Despite all these small lies, we are essentially truth seeking as consumers. When you buy a toothpaste, you expect honesty out of the entire exercise. The consumer-brand interaction process is a relationship. A relationship quite like the many relationships we go through in our social lives.

When you get into a relationship with a member of the opposite sex, or let me be politically correct and say member of the same sex even, you expect just one primary thing out of the relationship. The truth. There is no relationship you get into expecting dishonesty and the lack of integrity.

Very simply put, consumers get into brand relationships based on the expectation of the truth. But does she get it? And how much of it? And how frequently so?

My belief is that the brand that offers the most of the truth most of the time in this continuous relationship is the one that succeeds. The brand that fails on this count is an utter failure right away, or on the path of a self-fulfilling prophesy of doom round the corner.




Let me illustrate this with an example. Let me choose my favorite gourmet table bird for this example, the chicken! Let me take three of them.
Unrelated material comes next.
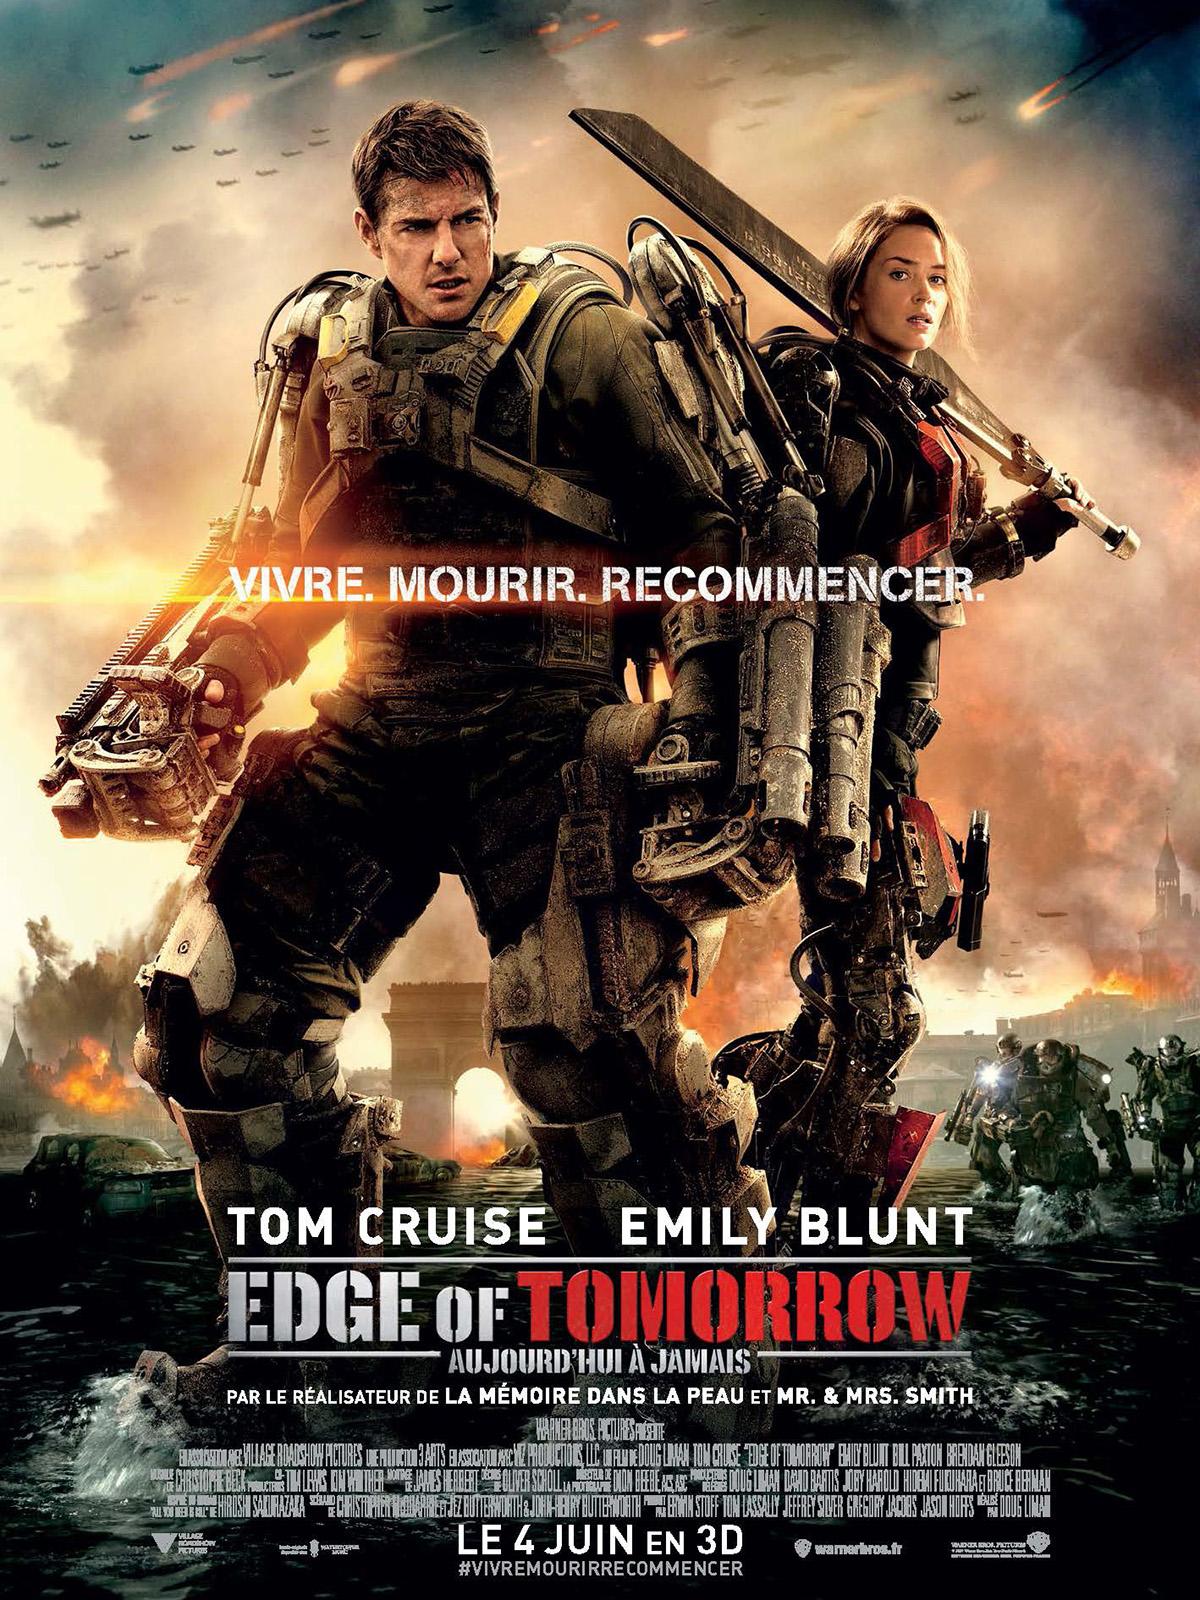 Edge of tomorrow (2014) de Doug Liman

There are really three chickens in our marketing lives. And remember, all of us are marketing people, since there are only two kinds of people in the world. The “marketing person”, who markets to others. And the “marketed-to person” at the other end!

Imagine three chickens out there. Each of the chickens is a manufacturer and a marketer. Each of the chickens has done something they are very good at. Each has laid an egg. And each of the eggs looks alike.

Each of the marketer chickens takes a different path to market their respective eggs.

There is the first chicken, which I call the “Shy chicken”. This chicken looks at the egg it has laid and finds the product quality to be all of 100. It then stands up, looks at the target audience of potential consumers and whispers with a decibel of shout that is at best 2 on a scale of 100.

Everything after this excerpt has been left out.